In this manner, the rodent's head is repeatably positioned both axially against the front bite bar 62 and transversely centered on the bite bar 62 over the central channel 56. The upwardly converging sidewalls 114 of the arched recess 112 effectively transversely wedge the rodent's head into a fixed predetermined position time after time for highly repeatable imagining.

Additional positioning accuracy can be obtained by providing a second registration surface in the form of a rear bite bar 120 (FIG. 3) behind and slightly above the first bite bar 62. For example, a stereotaxic upward and rearward angle of about 3 degrees from the horizontal plane of the alignment bed can be defined between the front and rear bite bars. The rear bite bar 120, like the front bite bar 62, is mounted on a pair of supports 122 spaced apart on opposite sides of the alignment bed 52. The rear bite bar 120 is positioned to engage and lock in position the rodent's rear upper molar teeth 121 (FIG. 17).

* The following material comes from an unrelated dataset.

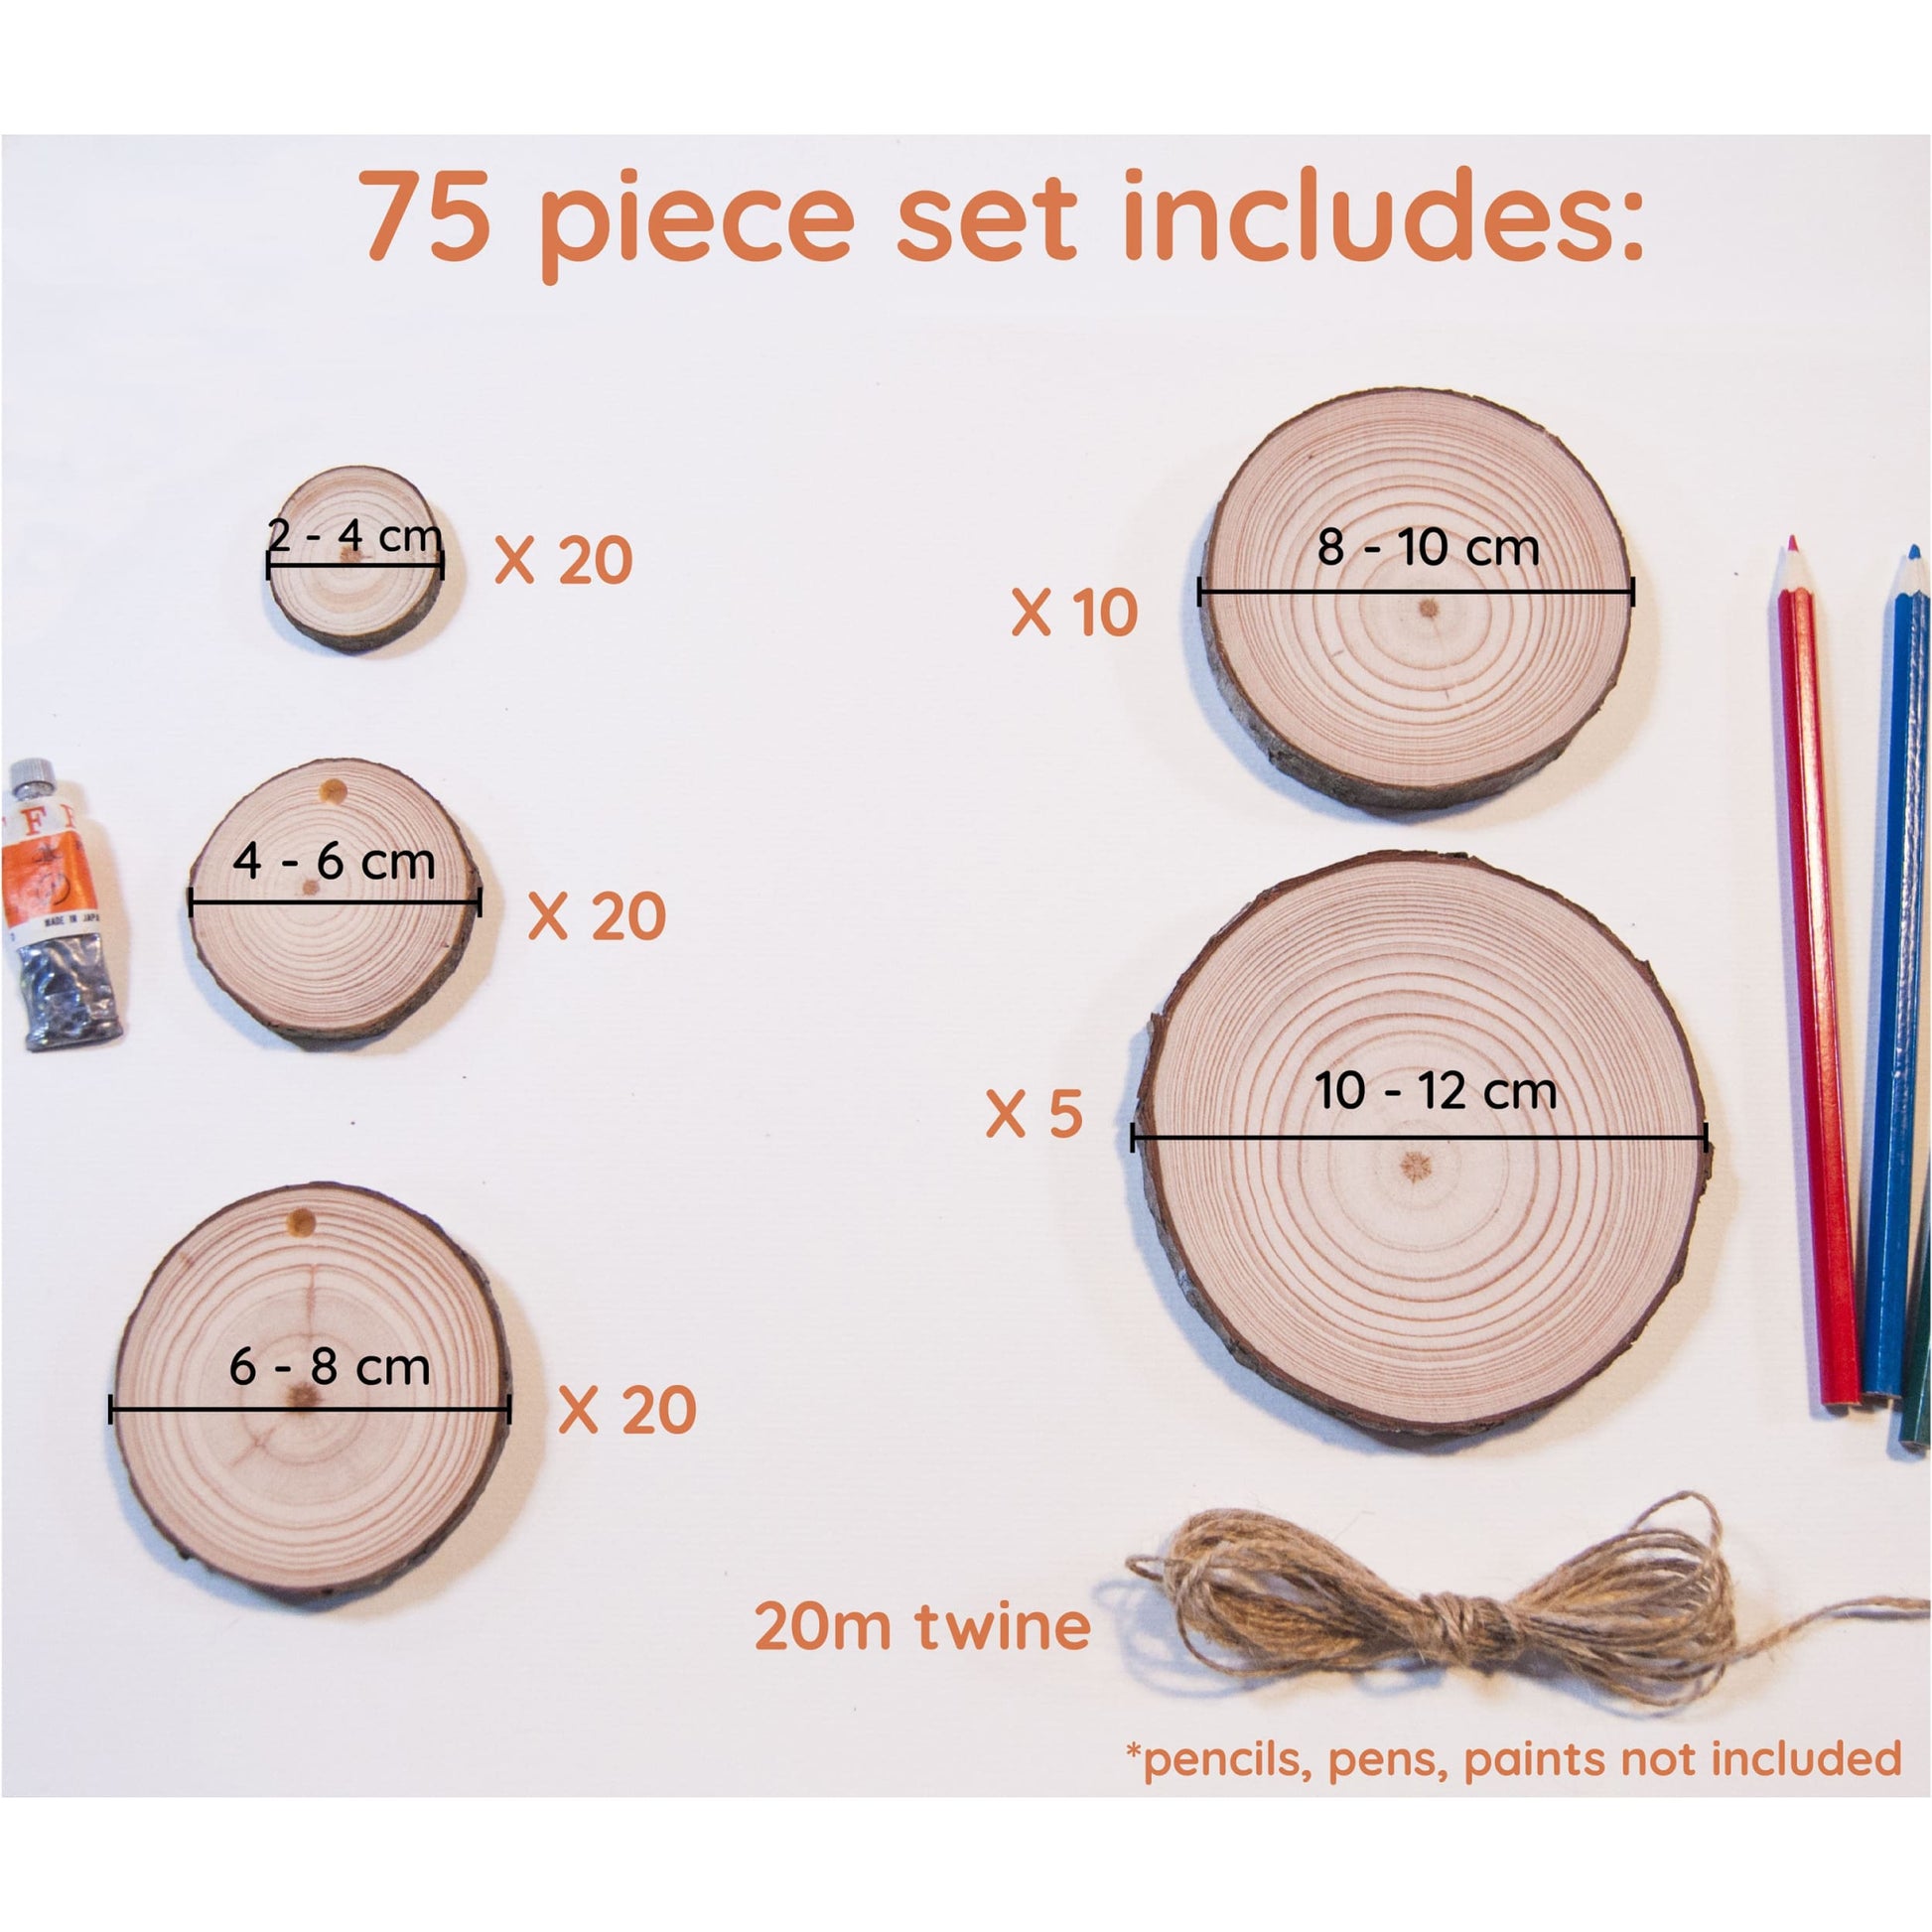 75 Piece Wood Slice Craft Pack - Wood slice kits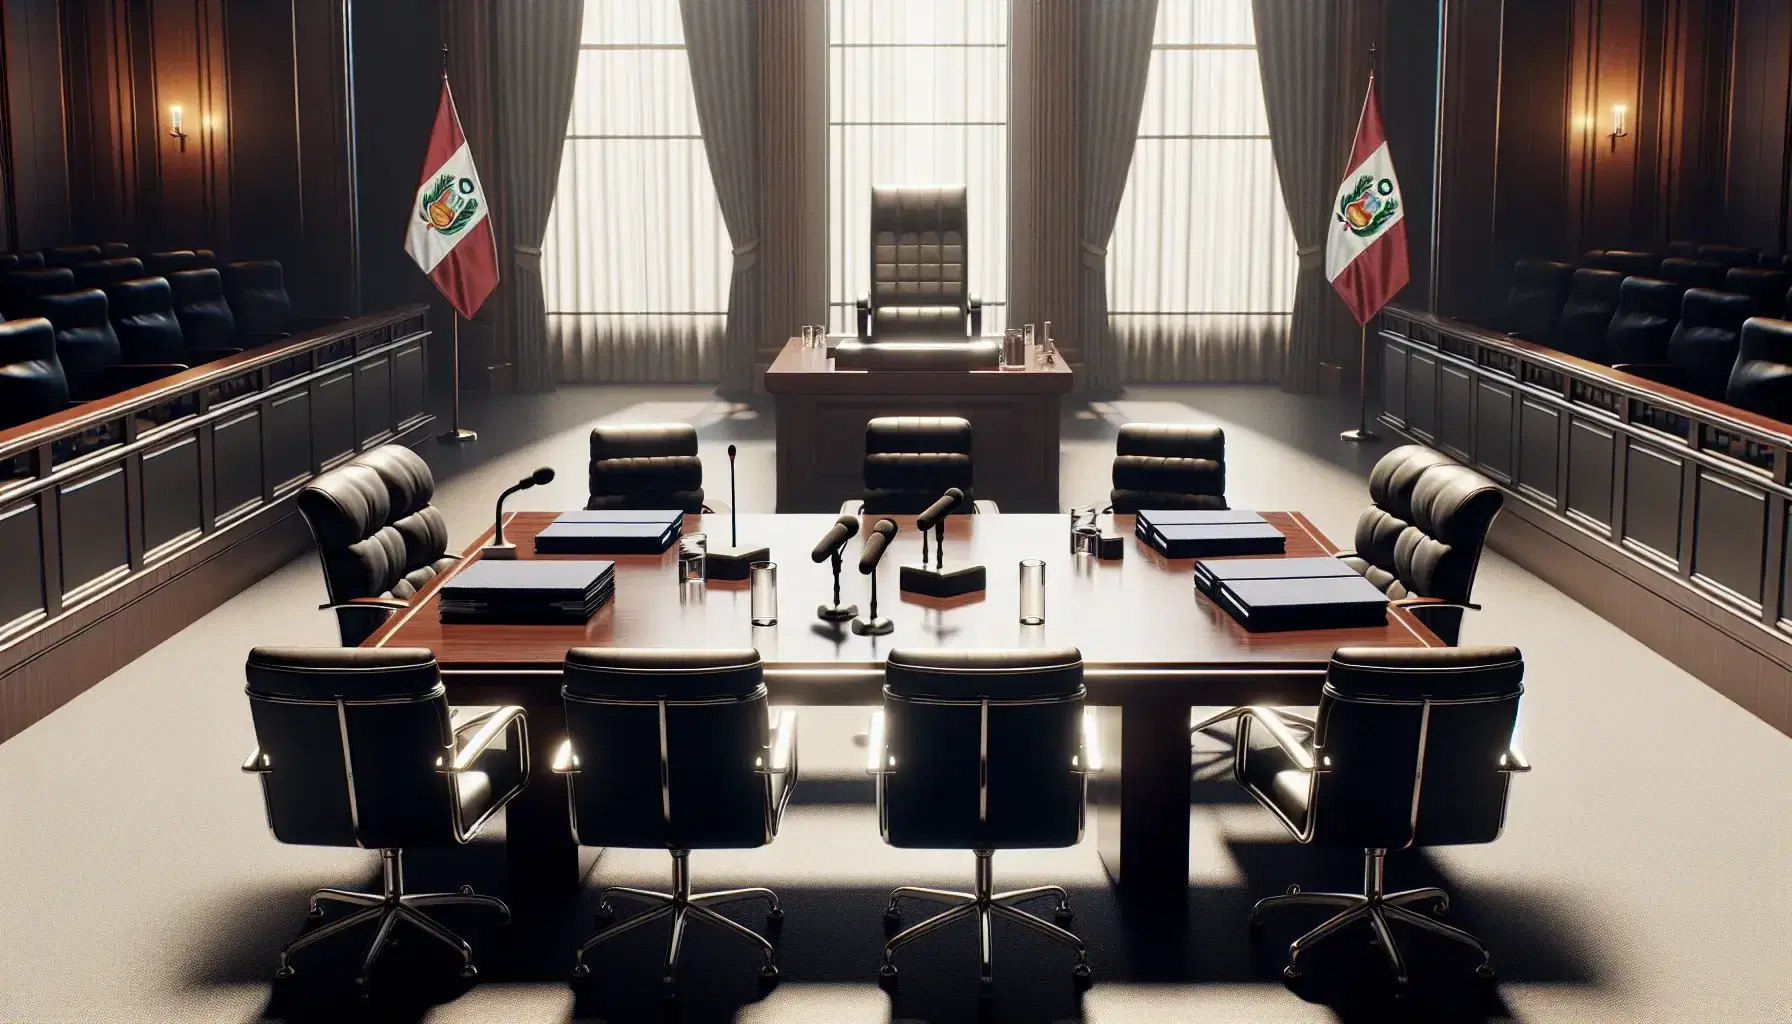 Sala de audiencias con mesa central rodeada de sillas negras, estrado del juez y ventana con cortinas blancas, bandera de Perú a la derecha y podio con micrófono al frente.

Because the bite bars 62 and 120 are located in a known orientation and position, and because they engage only hard bone or teeth of the rodent, it is possible to accurately and repeatably position a rodent on the alignment bed time and again. Moreover, the central groove 56 and the leg slots 58, 60 provide further longitudinal and transverse centering of the rodent's head and body on the alignment bed. As the bite bars can accommodate virtually any size rodent, the alignment bed can be used with rodents of varying sizes.

As further seen in FIG. 3, the alignment bed 52 can be formed with contoured recesses 126 for receiving monitors for monitoring the condition of a specimen. Recesses 126 can be formed as cylindrical pockets in the lower end of one or more of the front and rear leg channels 58, 60. By positioning a monitor, such as an ECG monitor, at the lower end of channels 58, 60, a rodent's hairless foot pads can be automatically positioned on the monitor. This arrangement also obviates the need for hairless or “nude” mice and rats, as well as the need to shave hairy or furry rodents. Pockets 126 insure the accurate and repeatable placement of a monitor on the sidewalls 61, as well as on a specimen.

An additional recess or pocket 128 can be formed along the central channel or groove 56 to receive and accurately and repeatably locate an additional monitor, such as a respiratory monitor or respiratory “pillow”. Still another recess 132 can be formed along channel 56 adjacent the tail end of a specimen for receiving a pad 134 of absorbent material for absorbing liquid and solid waste from a specimen.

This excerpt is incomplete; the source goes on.